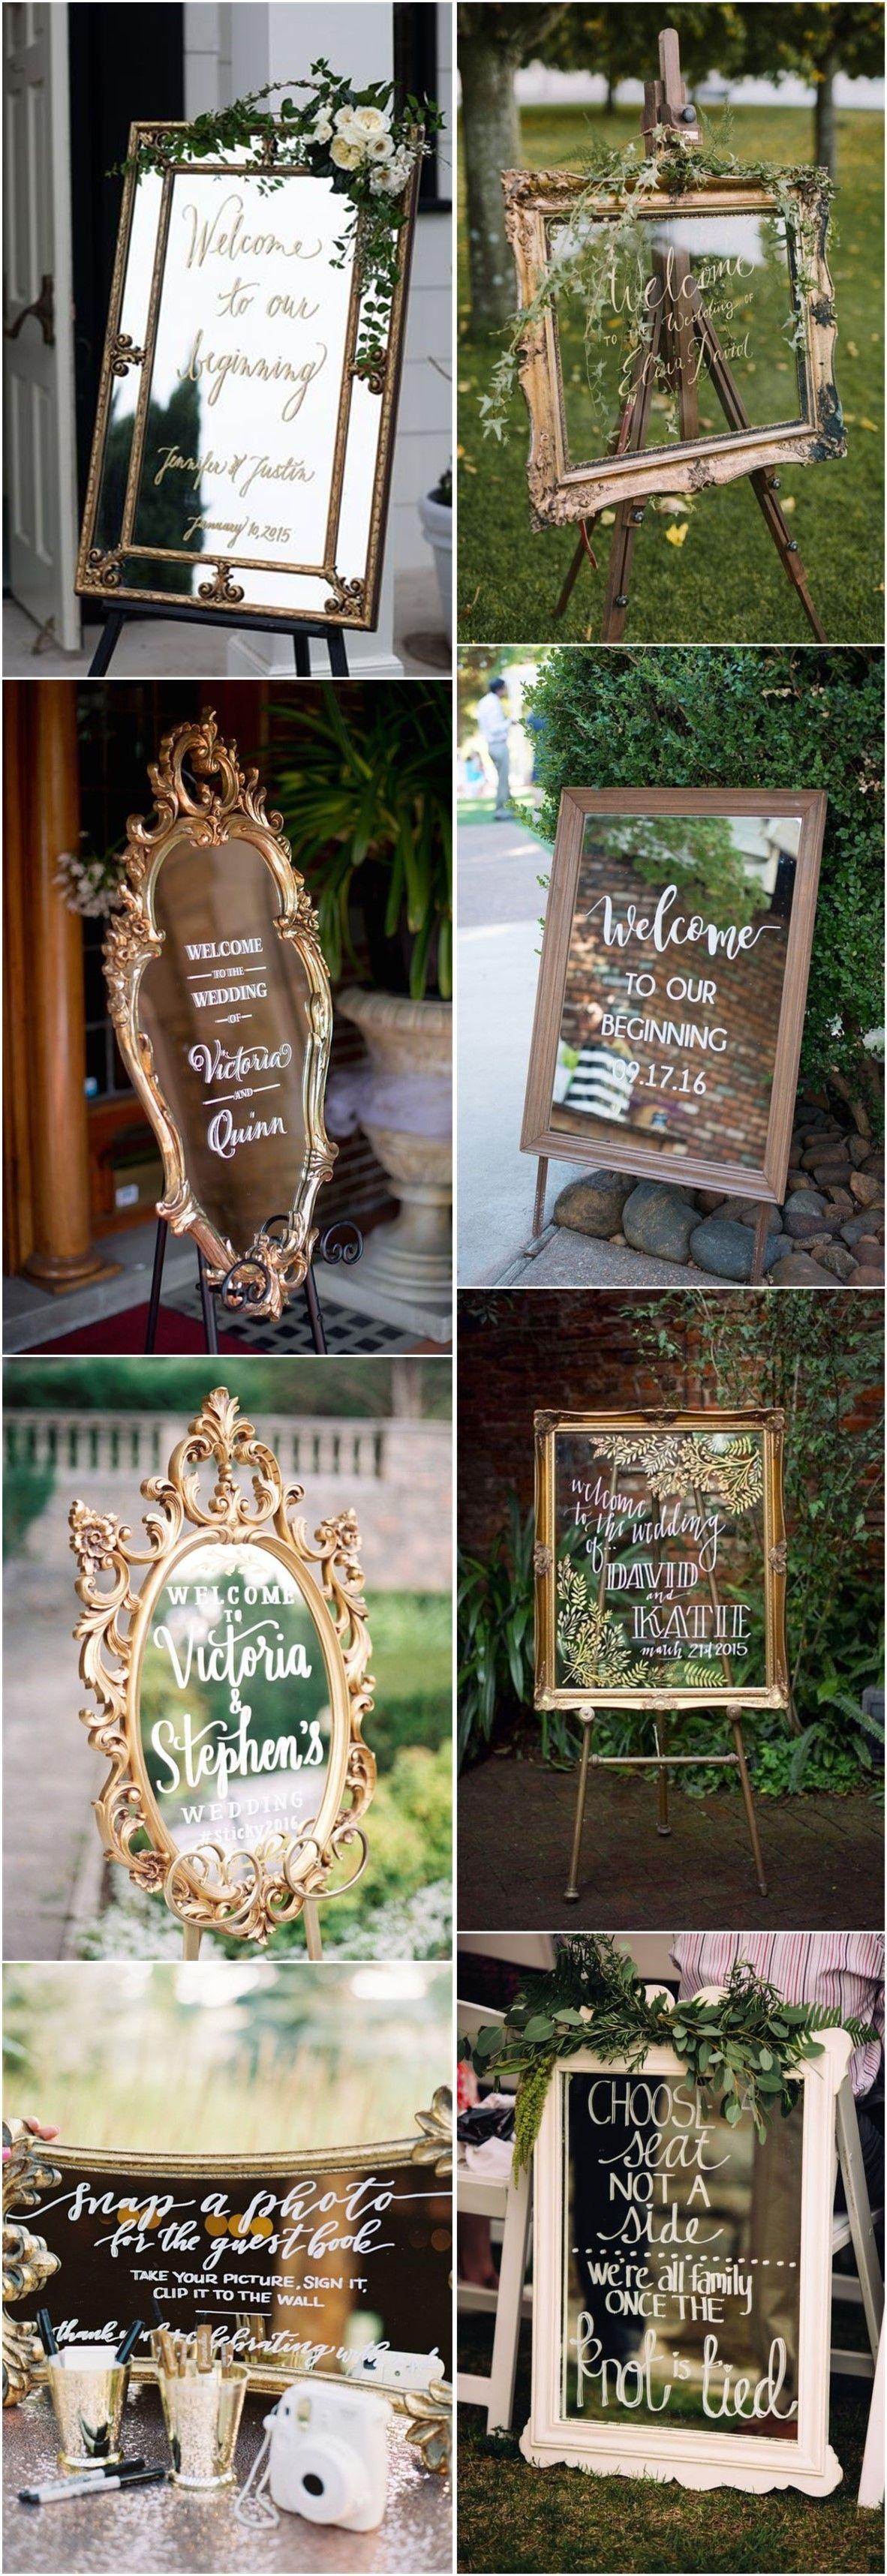 Wedding Decorations » 27 Vintage Mirror Wedding Sign Decoration Ideas » ️ See more:
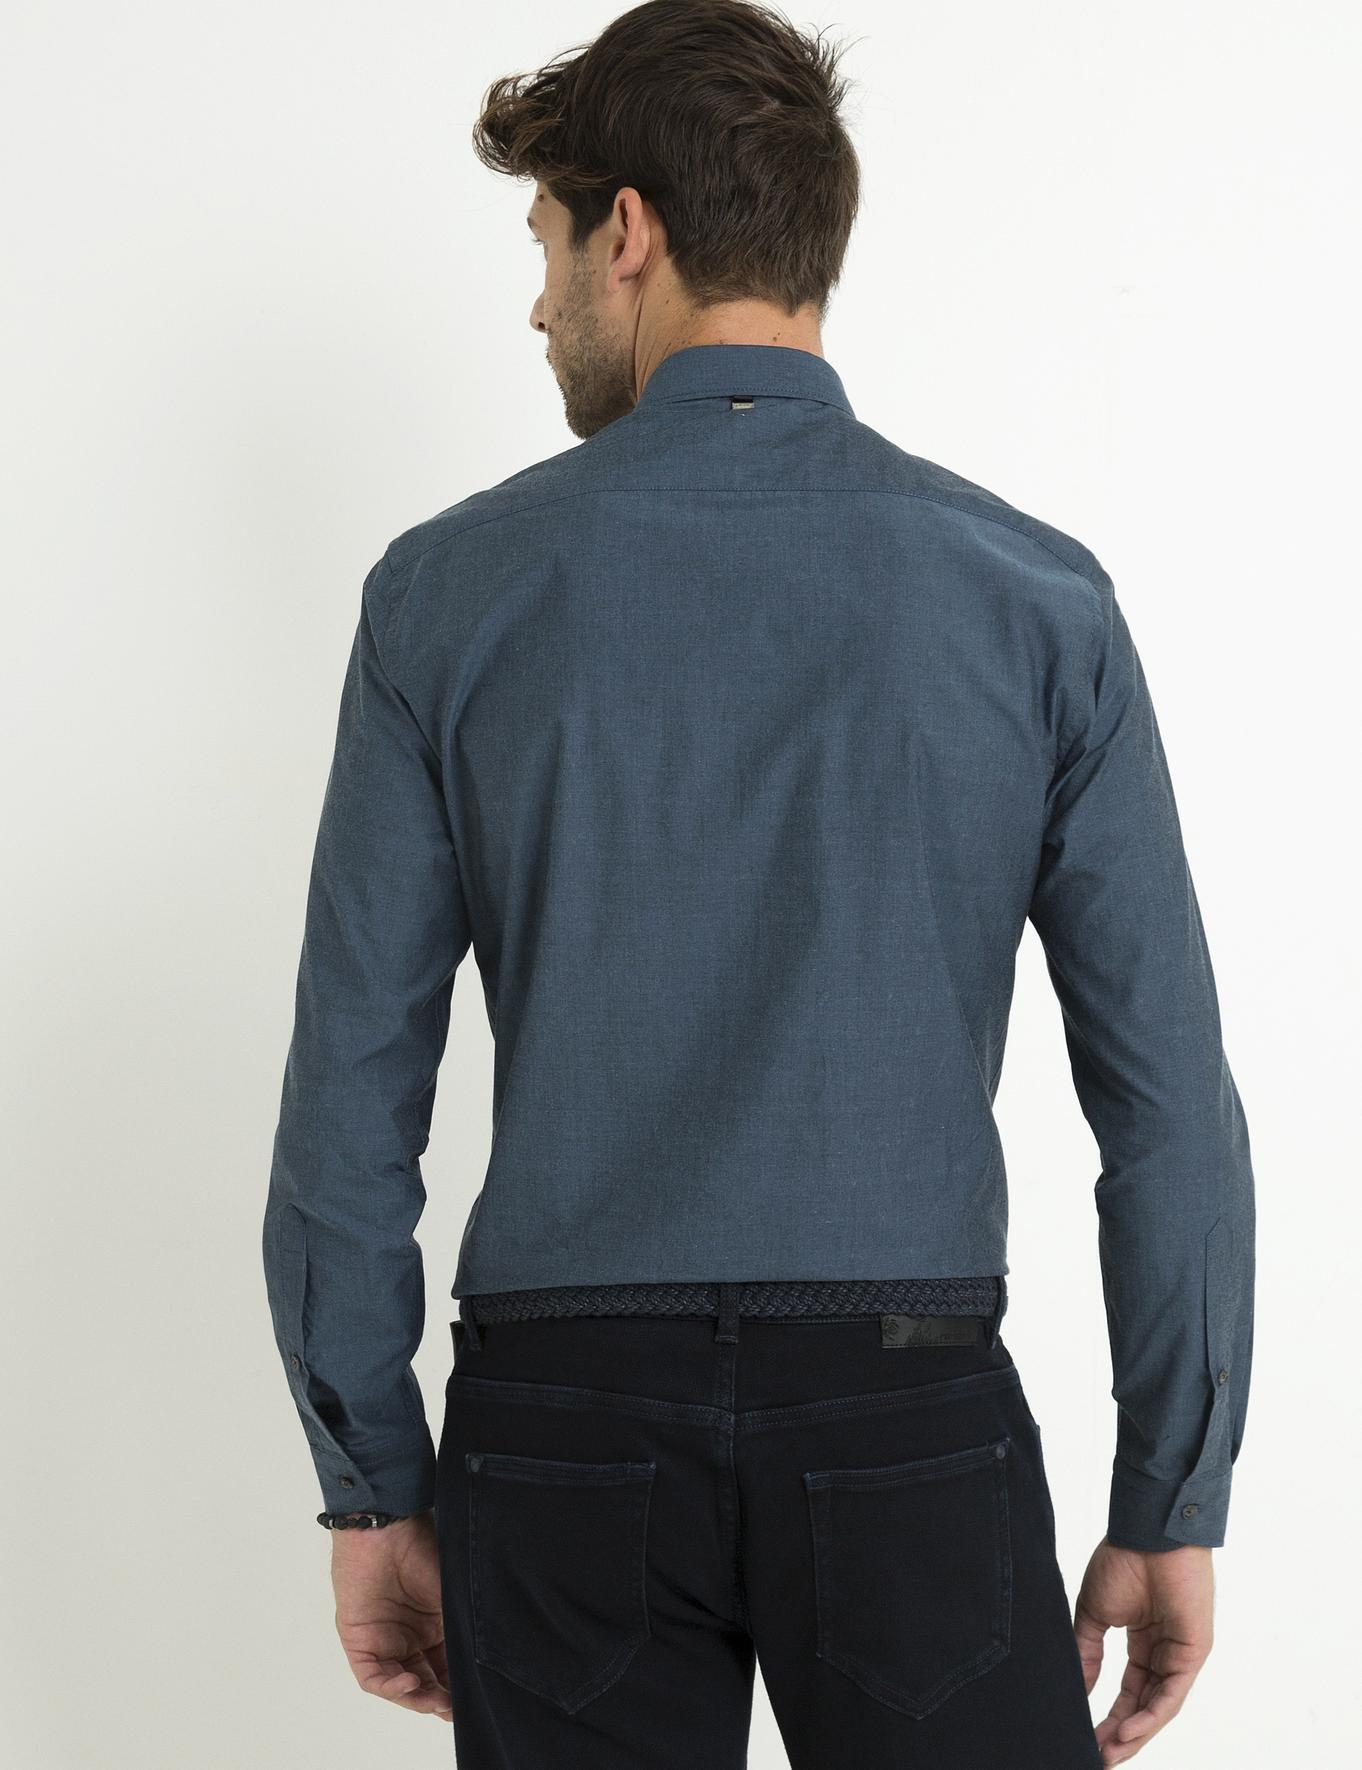 Lacivert Slim Fit Gömlek - 50192756021
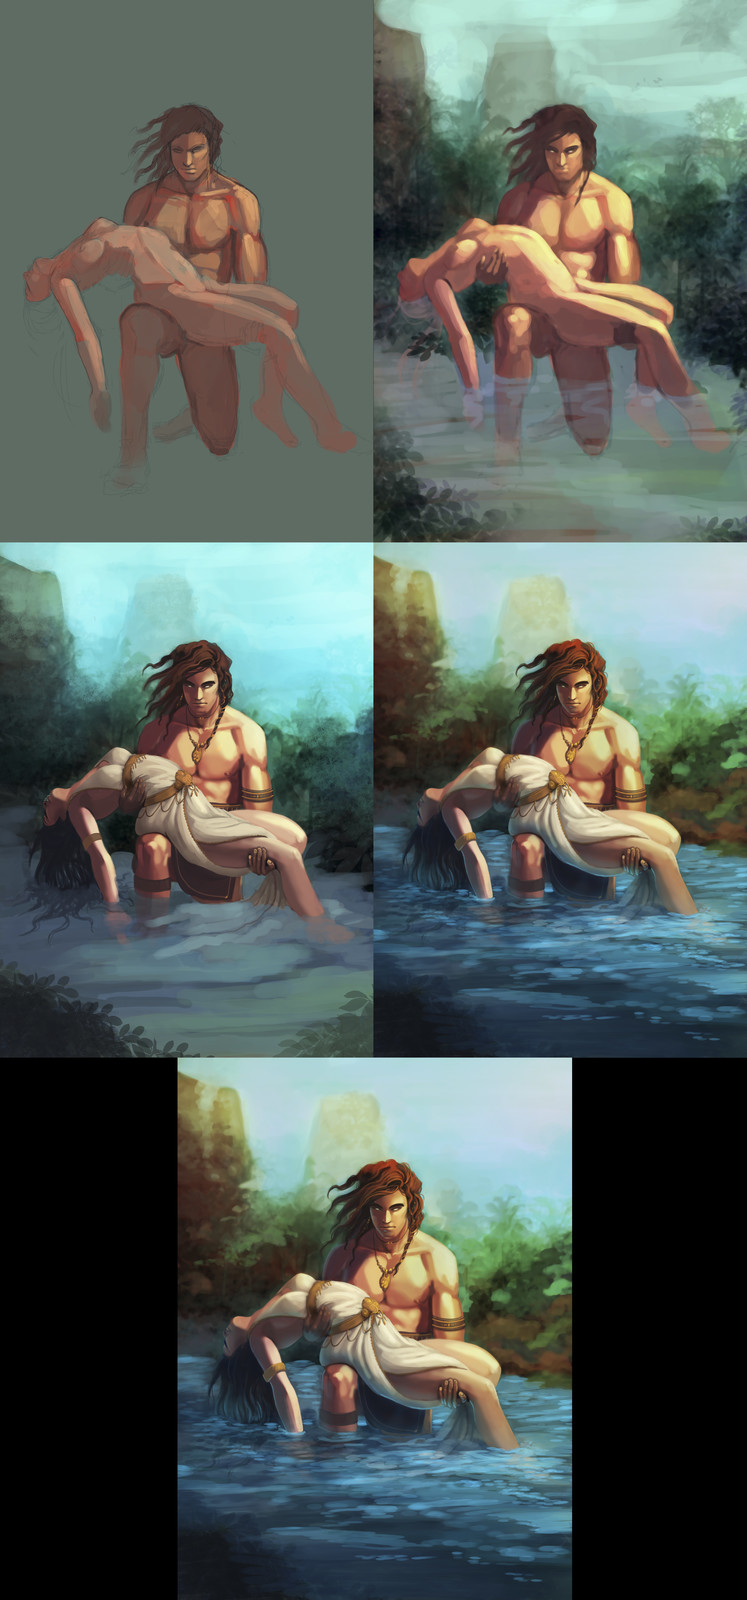 The Lake Process

* [Assigned task] Each line from the one containing "Lacivert Slim Fit Gömlek - 50192756021" through the last line of the data should be written out exactly. Skip the pictures, and add no other lines.

* [Answer to the exercise]
 Lacivert Slim Fit Gömlek - 50192756021
 The Lake Process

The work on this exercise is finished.